1) Super-fast entry: type in “vodka”, and see all vodkas out there. Even if vodka is not the first word in the ingredient name, you can still show that option in your auto-suggest box (because you’re the one controlling the logic for what to show)
2) Almost no issues with scalability and real estate on the screen: it doesn’t matter how many items the user has to choose from; they only see options that fit the context of what they typed in.
3) Keyboard navigation: unlike previous options, you can enable up/down arrow navigation through the list of choices, offering enter/tab to actually pick an option. This makes the site much more accessible to people who need it. Recall Joel Spolsky, and design for users that can’t use do precise mouse movements, that don’t have time, that have their cats chewing the mouse cord and babies screaming in the room nearby. Users of my website will very likely be pretty drunk 🙂
4) Multiple entries require multiple auto-complete text boxes, but c’est-la-vie.

There are a few options as to how to implement this auto-complete text box – one big design decision is “get the list live” or “download the static list”.

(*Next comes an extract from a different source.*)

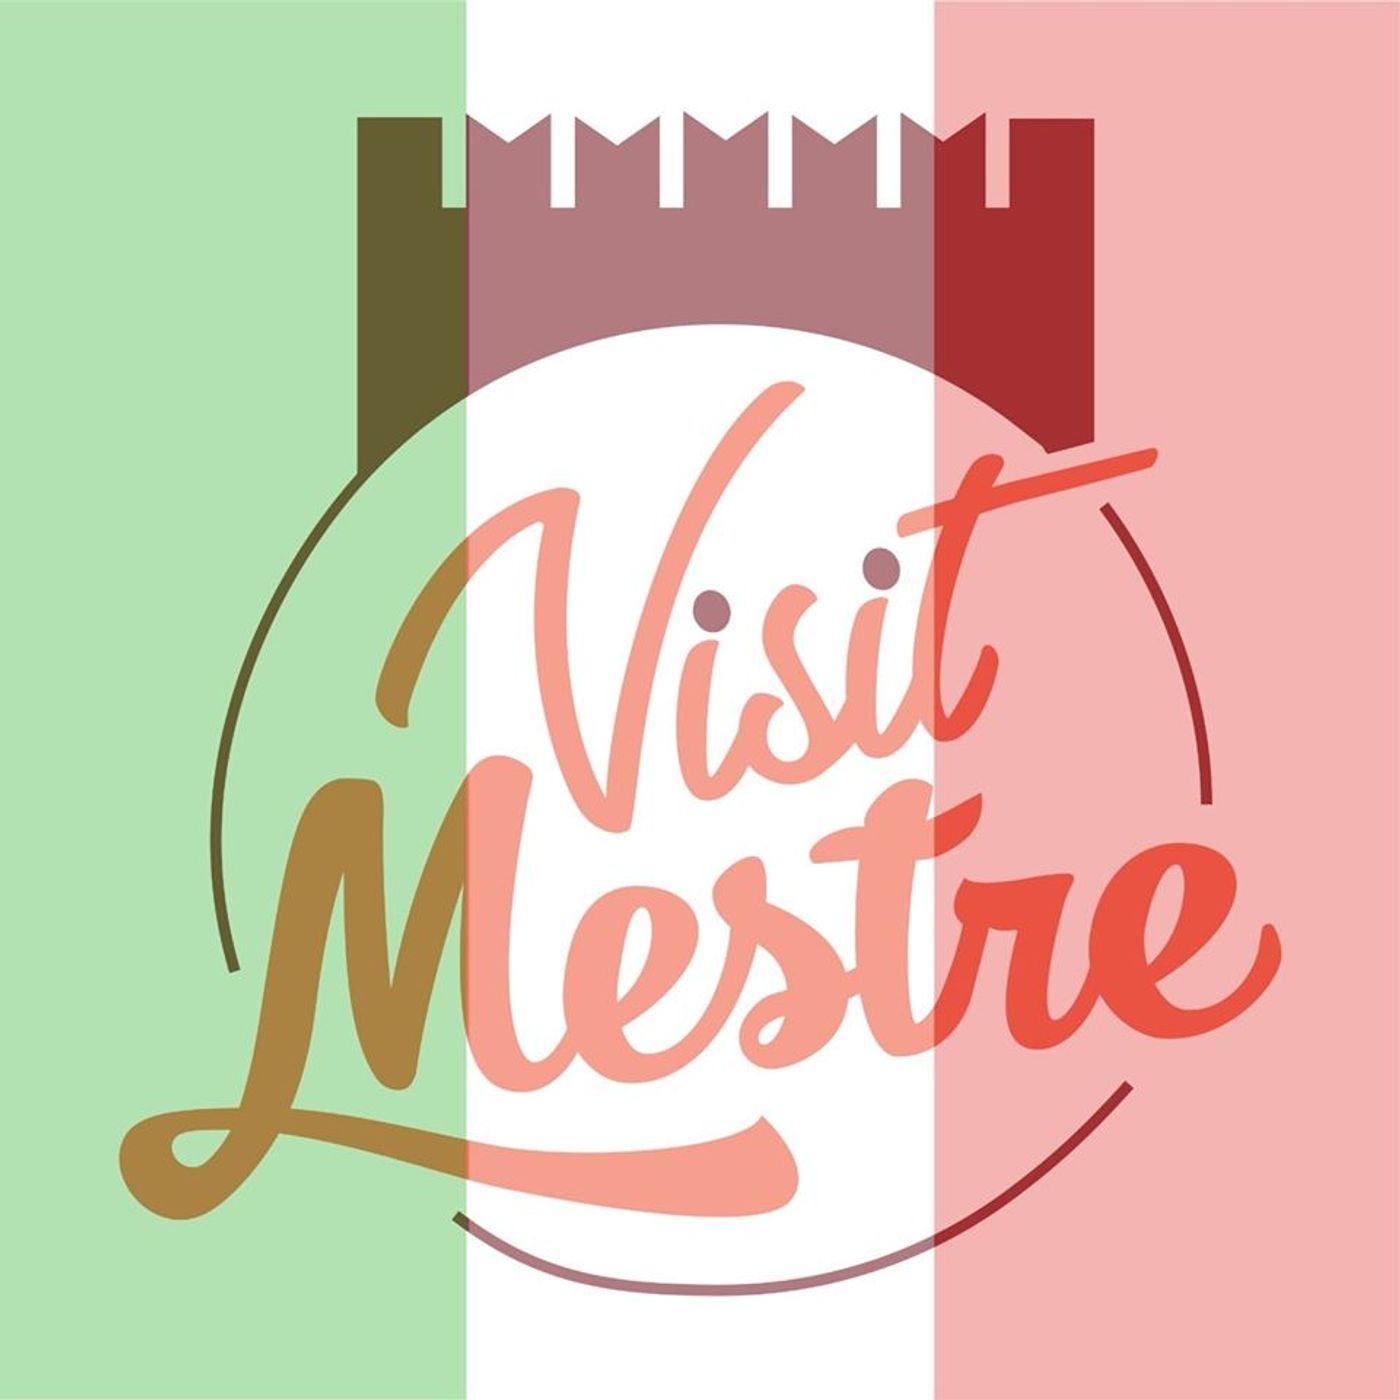 Promuovere la città e la sua immagine: cinque giovani danno vita a Visit Mestre

The Internet, including Google Suggest in particular, is full of examples as to how to implement a “live lookup” auto-complete. For example, user types “vod”, and your program goes back to the server, asks what are the matches for “vod”, and then returns the results to the browser for display. Not a bad idea if you have many, many items to search through.

However, in our case, the list is reasonably small (something like 500 items?), so maybe we can store the entire list on the client? Maybe, as the user downloads the initial webpage, we’ll also pump in all possible options of ingredients they might enter, and then as they type in “vod”, we’ll just go through 500 items on the client side, in JavaScript?

This second approach is what I chose for cocktail builder; there is one big tradeoff here: initial download time of the 500 item list vs on-demand, lazy download of the results. Several outcomes of this tradeoff:

– the price of downloading the list is paid only once per user (remember, your stuff gets cached by the browser); no matter how many ingredients they add – there will be no roundtrips. The users will, I betcha, have 5-10 ingredients in their bar, which will translate to 5-10 queries with the first approach, and only one payoff with the second approach.
– users that come back won’t have the roundtrips.
– server load: less roundtrips means that I don’t need to buy a 10-rack super-powerful server :-). Which means no annoying ads for the users to cover the costs.
– showing matches for user input: clear performance win. As soon as the users types in “vod”, I do snappy JavaScript processing, all on the client side, to run through an ordered list of ingredients (how long does it take a 3GHz computer to do 500 string matches?). If I went with a lazy approach, users would have to wait for a roundtrip, which takes time.

What exactly is the cost of downloading the full ingredient list at load time? My current list of ingredients has 250 items; it’s 13KB, when not compressed (we’ll talk about JavaScript compression at a different time). You can make the judgment yourself, I’m sure.